На последнюю (главную) панихиду пришел ответственный работник ЦК компартии Грузии Гурами Джикия. Андро он совершенно не помнил и даже сказал Олико: «А я думал, что Надия давно вдова, она же всегда в черном!» Надия поднялась со своего места, положила голову на рояль и зарыдала жалобным старушечьим голосом, совсем не тем, которым она обычно в этом же зале исполняла грузинские романсы. Ее плач был похож на песню, лебединую, если судить по хрипу, и сама она была похожа на черную дивную птицу, потерявшую свою любовь, и теперь хоть сама умирай.

Гурами достал платок и вытер глаза. Тогда Надия вскинула руки к небу, оглядела всех стеклянным, будто безумным, взором и воскликнула: «Нет правды на земле!» Гурами пошатнулся, его подхватили под руки и вывели на свежий воздух.
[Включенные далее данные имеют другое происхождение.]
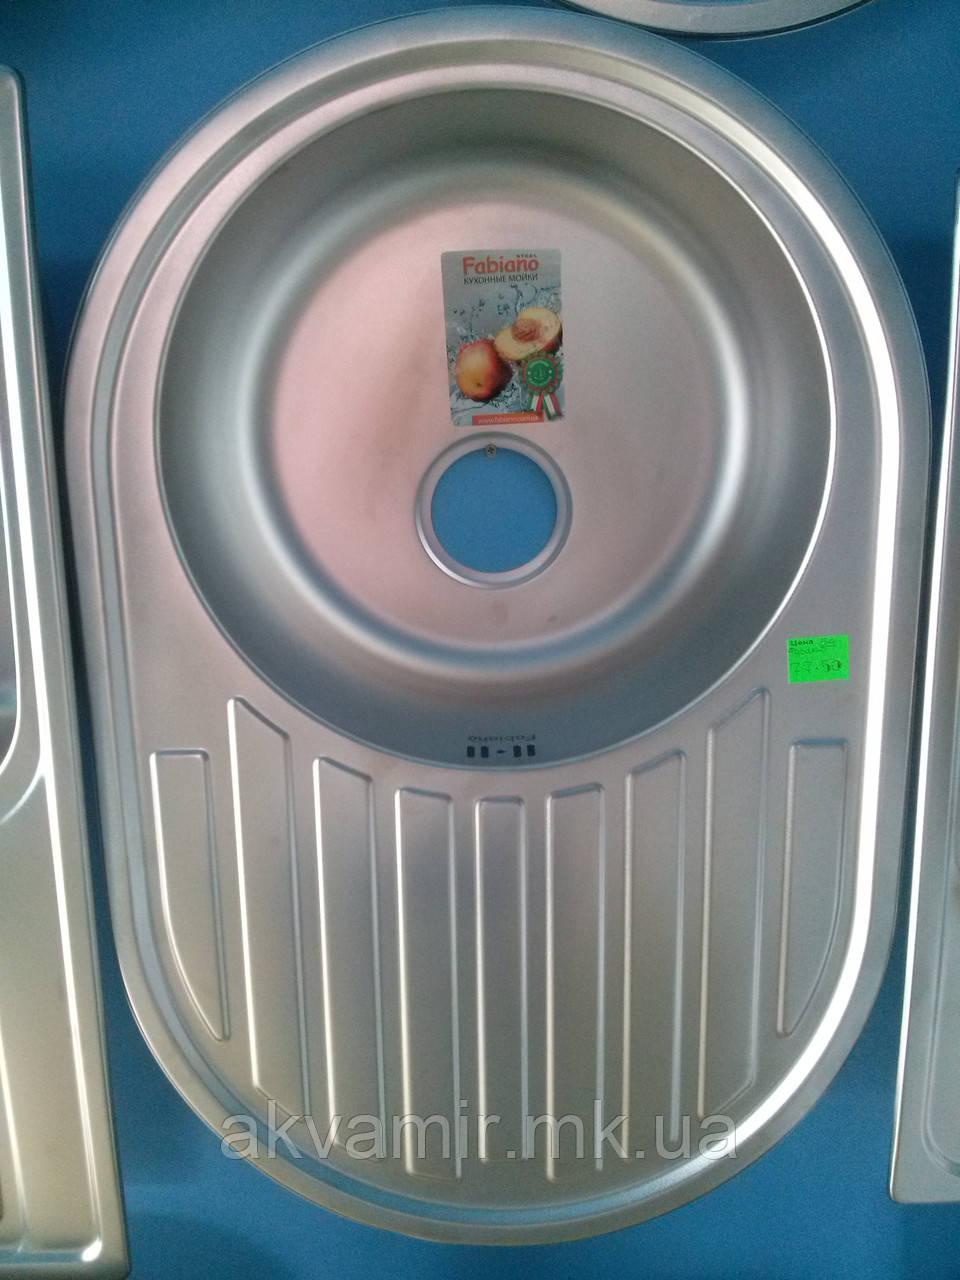 Мийка Fabiano 77x50 Microdecor нерж. сталь 0.8 мм (Туреччина)

И зачем ему надо было ездить в Большой?

И в тот же день, возвращаясь в Тбилиси на своей правительственной машине с занавесками, Гурами сидел один на заднем сиденье и плакал. Как же она его растрогала, эта кривоногая женщина с волосами на лице! Будто шомпол воткнула в бедное сердце поэта. Конечно, он плакал о своем. Он плакал потому, что не любил свою жену, как не любил женщин, а вынужден был изворачиваться, притворяться, лгать. И никто его не понимал, даже Олико, близкая, как сестра. И как это выразить, объяснить? И что слова? Пыль!

Во время похорон Андро Кобаидзе отец Фафочки Володя Рамишвили получил предложение. Ему представили кутаисского винодела, который просто, как умеют говорить люди богатые, к отказам не привыкшие, заявил, что хотел бы женить своего сына на Фафочке. «Ваша девочка прекрасна, как роза!» – сказал он. По-видимому, в Грузии каждый мужчина – поэт.

Володя вспомнил, что Фафочка вроде собирается замуж, но промолчал. Ему никто не поручал объявлять, что у Фафочки есть жених. Да и какой это жених – обручения не было! Володя поискал глазами чернобровое семейство первого – чтоб не ошибиться – жениха Фафочки: щупленький чернобровый папа, щупленький чернобровый сын. Их представляли как друзей семьи, и потому о свадьбе никто не заикался. «Поговорите с моей женой», – разрешил Володя.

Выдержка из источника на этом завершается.